CREATE TABLE orders (
order_id bigint GENERATED ALWAYS AS IDENTITY PRIMARY KEY,
customer_id bigint NOT NULL,
amount numeric(12,2) NOT NULL,
CONSTRAINT fk_orders_customer
FOREIGN KEY (customer_id)
REFERENCES customers(customer_id)
);

Available Options / Parameters

FeatureExampleMeaning / Notes
PK columnsPRIMARY KEY (a, b)composite key across multiple columns
FK targetREFERENCES customers(customer_id)referenced table + columns must be PK/unique
Named constraintCONSTRAINT fk_orders_customer ...makes errors and migrations easier to manage
ON DELETEON DELETE RESTRICT / CASCADE / SET NULLaction when parent row is deleted
ON UPDATEON UPDATE CASCADEaction when referenced key changes (rare if PK stable)
DeferrableDEFERRABLE INITIALLY DEFERREDcheck at commit time (bulk loads/complex transactions)
Validation controlNOT VALID + VALIDATE CONSTRAINTadd constraints without immediate full validation

Key Rules and Considerations

  • FK columns and referenced columns must have matching types.
  • The referenced columns must have a PRIMARY KEY or UNIQUE constraint.
  • PostgreSQL creates indexes automatically for PRIMARY KEY and UNIQUE constraints.
  • PostgreSQL does not automatically index FK columns; add indexes intentionally.
  • Prefer stable PKs (surrogate identity or immutable natural key) to avoid cascading updates.

Step-by-Step Examples

Use this setup for the examples:

DROP TABLE IF EXISTS order_items;
DROP TABLE IF EXISTS orders;
DROP TABLE IF EXISTS customers;

CREATE TABLE customers (
customer_id bigint GENERATED ALWAYS AS IDENTITY PRIMARY KEY,
email text NOT NULL UNIQUE
);

CREATE TABLE orders (
order_id bigint GENERATED ALWAYS AS IDENTITY PRIMARY KEY,
customer_id bigint NOT NULL,
status text NOT NULL,
amount numeric(12,2) NOT NULL CHECK (amount >= 0),
CONSTRAINT fk_orders_customer
FOREIGN KEY (customer_id)
REFERENCES customers(customer_id)
ON DELETE RESTRICT
);

INSERT INTO customers (email) VALUES
('a@example.com'),
('b@example.com');

INSERT INTO orders (customer_id, status, amount) VALUES
(1, 'paid', 10.00),
(1, 'paid', 25.00),
(2, 'failed', 5.00);

Example 1: Primary Key Uniqueness (Beginner)

SELECT customer_id, email
FROM customers
ORDER BY customer_id;

Expected output:

 customer_id |     email
-------------+---------------
1 | a@example.com
2 | b@example.com
(2 rows)

Explanation:

  • Each row gets a unique customer_id via the identity column.

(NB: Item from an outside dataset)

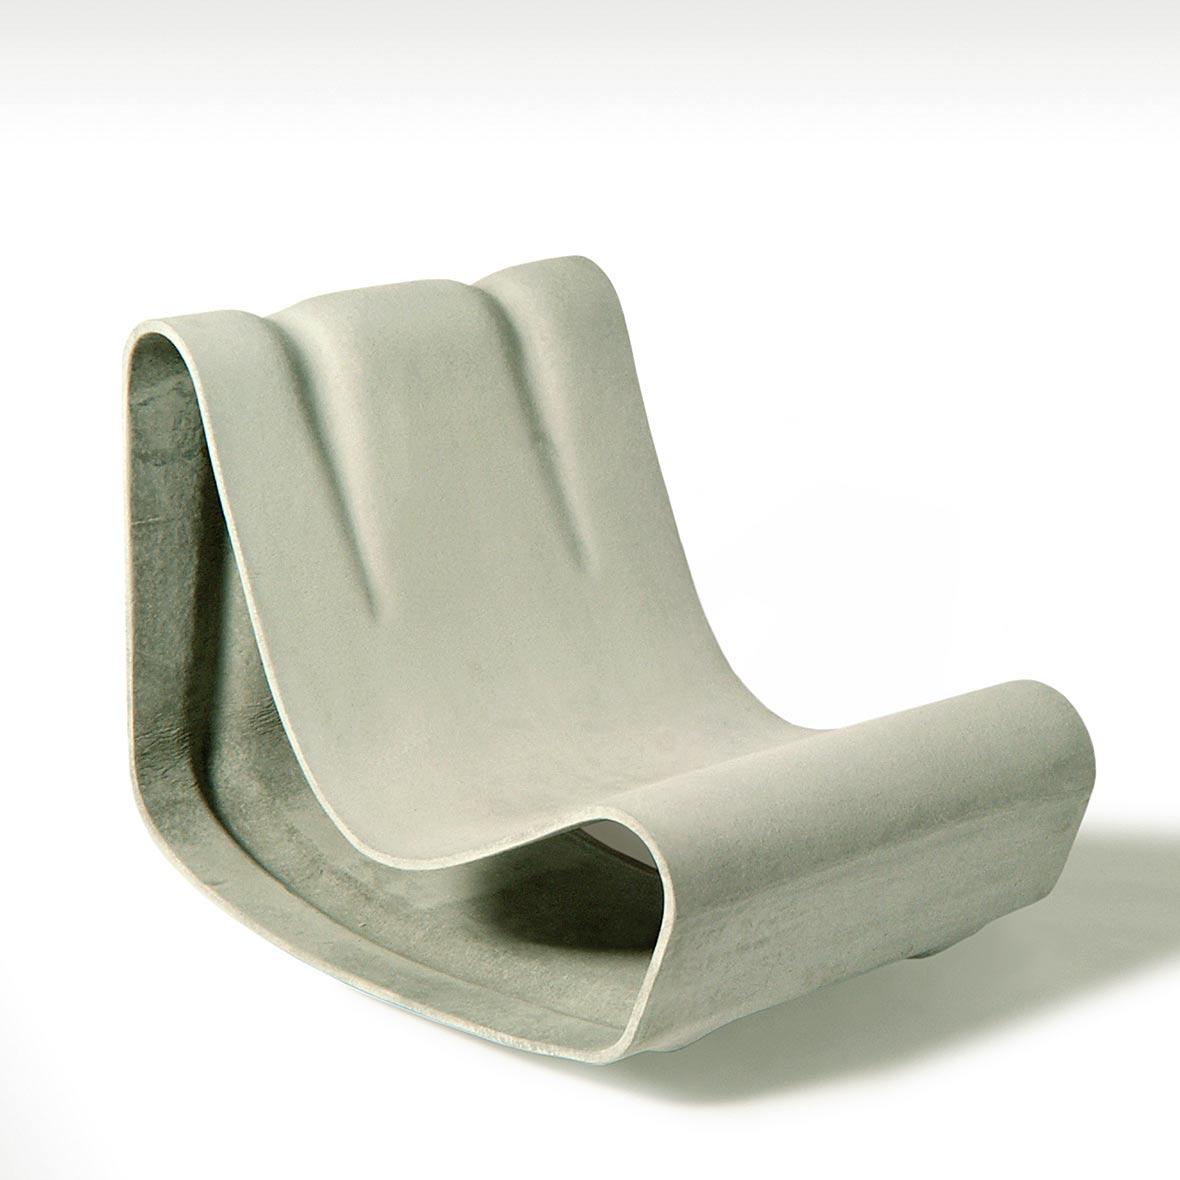 guhl stuhl klassiker von eternit aus faserzement bestswiss. Black Bedroom Furniture Sets. Home Design Ideas
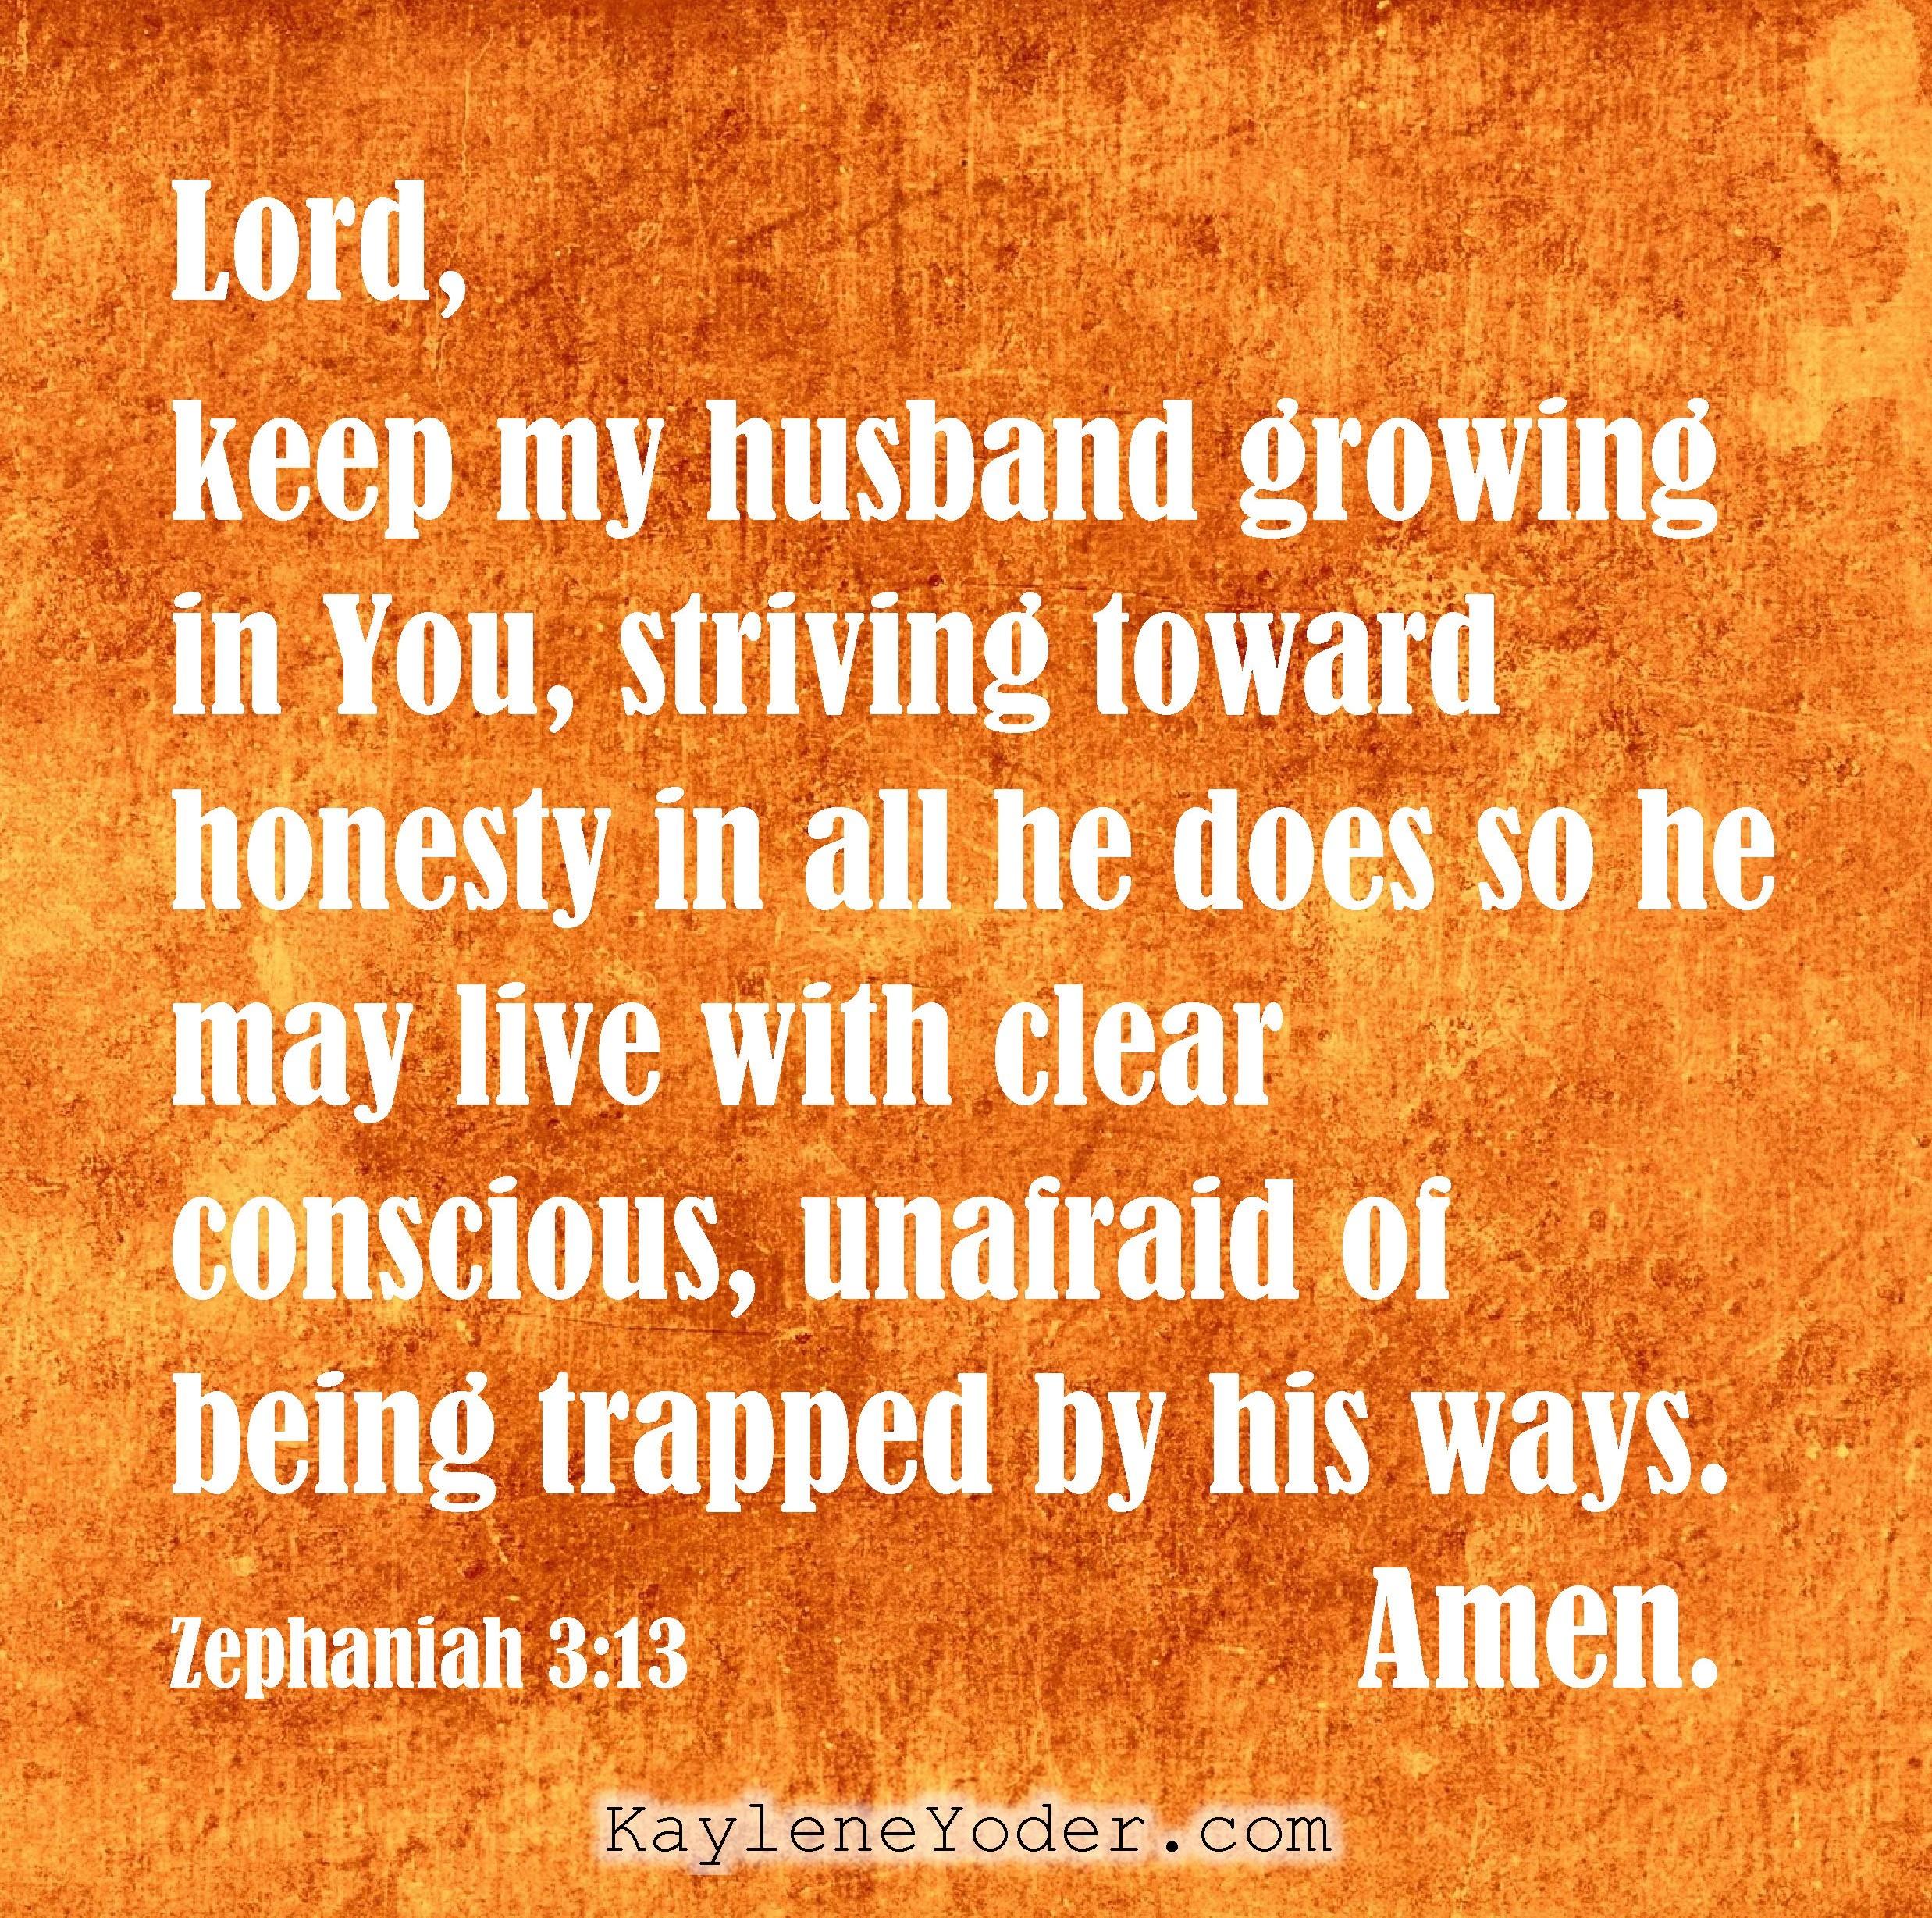 A Prayer for Your Husband's Honesty - Kaylene Yoder

Example 2: Foreign Key Prevents Orphans (Beginner)

Try inserting an order for a non-existent customer:

INSERT INTO orders (customer_id, status, amount)
VALUES (999, 'paid', 20.00);

Expected outcome:

ERROR:  insert or update on table "orders" violates foreign key constraint "fk_orders_customer"
DETAIL: Key (customer_id)=(999) is not present in table "customers".

Fix: insert the parent row first (or use a valid id).


Example 3: FK Indexing Matters (Intermediate)

Querying by FK is common:

EXPLAIN
SELECT order_id, amount
FROM orders
WHERE customer_id = 1;

Expected output (example):

 Seq Scan on orders  (cost=0.00..1.05 rows=1 width=16)
Filter: (customer_id = 1)

Add an index on the FK column:

CREATE INDEX idx_orders_customer_id ON orders (customer_id);

EXPLAIN
SELECT order_id, amount
FROM orders
WHERE customer_id = 1;

Expected output (example):

 Index Scan using idx_orders_customer_id on orders  (cost=0.13..8.15 rows=1 width=16)
Index Cond: (customer_id = 1)

Explanation:

  • Without the index, PostgreSQL may scan the whole table.
  • With the index, it can use an index scan for selective lookups.

Example 4: Referential Actions and Safety (Advanced)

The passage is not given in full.